The decision to buy an existing business is a significant step for anyone, whether you're an established business owner looking to expand your portfolio or a potential first-time owner.
The process can be challenging and lengthy, and it's critical that you perform due diligence at every step. From finding the perfect candidate and identifying red flags to negotiating a successful purchase price, success depends on knowing what you want, being thorough and having the right team assembled to support you along the way.
Here's what you need to know and do as you set out to buy a business.
Understand your motivation
Avoiding mistakes and achieving positive outcomes during the business buying process starts with being clear about your motivations. For example, are you interested in complementing or diversifying your existing portfolio of investments? Did you receive proceeds from a liquidity event that you want to reallocate into a new business opportunity? Or, are you interested in satisfying your entrepreneurial spirit?
Bill Ringham, director of Private Wealth Strategies at RBC Wealth Management–U.S., leads a team of wealth strategists and consultants throughout the country who work with financial advisors and clients on business succession strategies, and says having a passion about a particular industry or type of business is a driving factor for interested buyers.
“Whether they want to run the business and have their hands in the day-to-day operations or buy a business as a passive private equity investor, it's usually because it's something they are passionate about and enjoy," Ringham says.
Robert Stern, an ultra-high-net-worth strategist at RBC Wealth Management–U.S., says another motivation, particularly for purchasing an existing business, is that it may provide more security than a startup.
“There is a comfort level that comes from complementing your portfolio with an existing business that has a proven track record and projected future revenues," Stern says. “Having something in addition to stocks and bonds can be fairly attractive."
Explore all your options
In searching for existing businesses to buy, Stern recommends letting your goals guide you during the process.

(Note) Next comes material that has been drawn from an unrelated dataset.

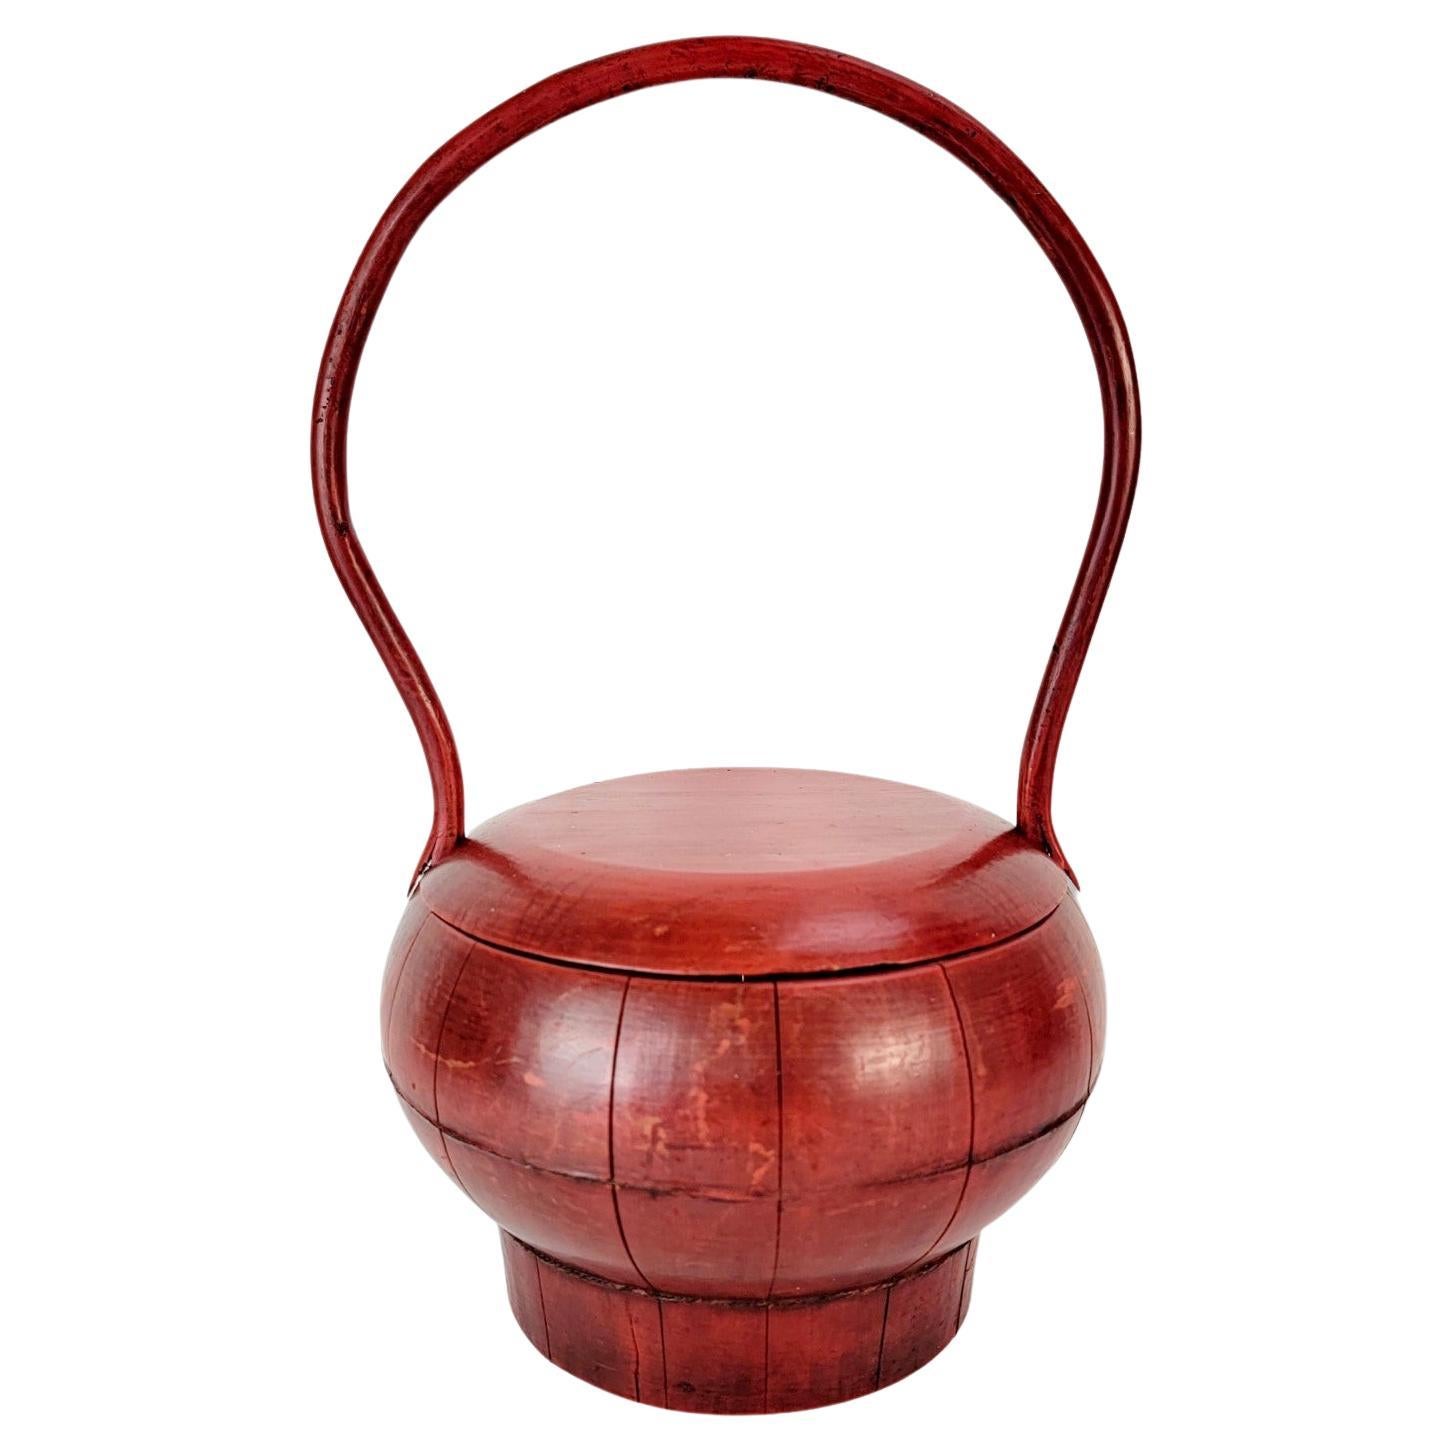 Antique Chinese Red Wedding Basket with Curved Handle

“Industry is less important than alignment with the buyer's goals. Settle whether you want to expand into a new industry or add a complementary business," he says. "Then, examine the capital commitment required for entry. A large financial commitment may be more challenging but carry a bigger payoff in the long run."

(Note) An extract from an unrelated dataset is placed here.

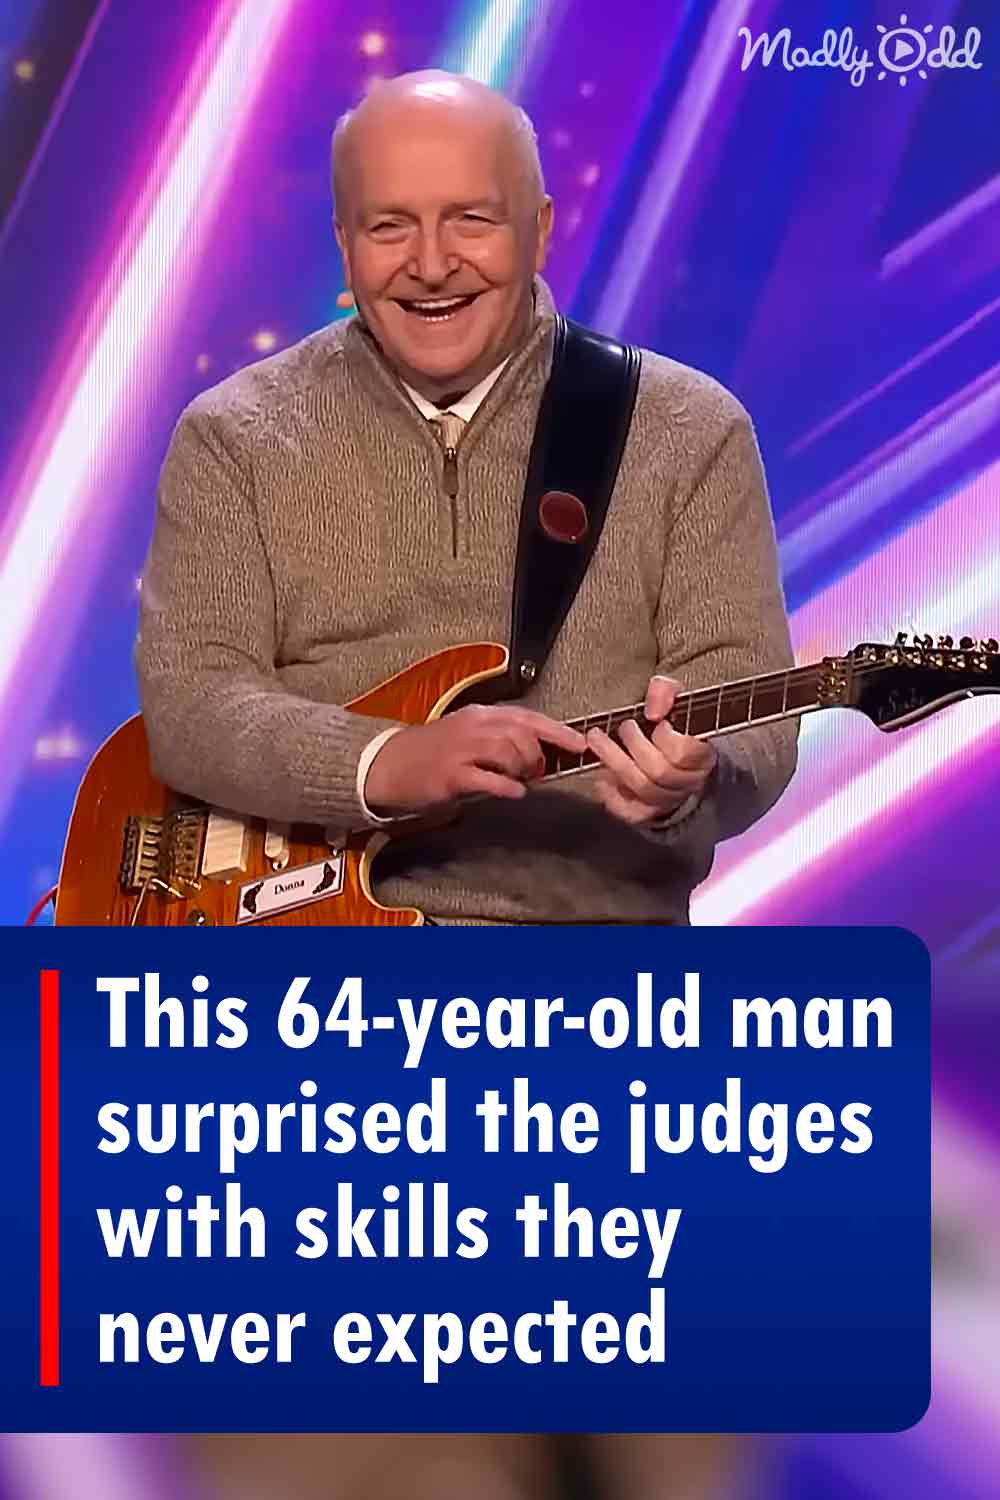 This 64-year-old man surprised the judges with skills they never expected

He adds: "If you're looking for a complementary business, word of mouth, trade and industry associations, and business brokers can all help identify the perfect candidate."
Business brokers help buyers determine which businesses to target—and avoid—and can walk you through the purchasing process. Calling business owners directly and letting local networks know you're interested in buying a business could also yield new opportunities.
Carefully examine important documents
Once you've identified a business you're interested in, the important due diligence work begins, with an extensive list of documents and statements that should be analyzed. These could include, but are not limited to:
- Balance sheet and financial statements
- Operating agreements
- Official organizational documents
- Inventory catalog
- Business tax returns
- Corporate filings
- Income statements
- Letter of intent
- Contracts, leases, licenses and permits
Stern adds that a careful examination of overhead is critical. “Your review should have an eye for synergies and duplicative functions," he says. “If the company you currently own and the firm you're looking to acquire both have back-office and administrative functions, reducing the overlap could create a more profitable business going forward. A close look at accounts receivable and payable is one place to find that overlap."
Assemble a team to help with the process
You'll want to involve a banker, a certified public accountant (CPA) and an attorney you trust early in the process to help you vet candidates, uncover potential red flags and negotiate a purchase price. Along the way, this team can help you assess the underlying risk versus potential reward of your potential target.
“Your team members should specialize in the type of company you're considering, so that they can properly investigate the documents needed to uncover any potential red flags in a business," Ringham says. Those red flags may include spotty or inaccurate numbers; a short track record; falling profits (particularly ones that can't easily be explained by widespread economic factors); and a narrow or incomplete customer base.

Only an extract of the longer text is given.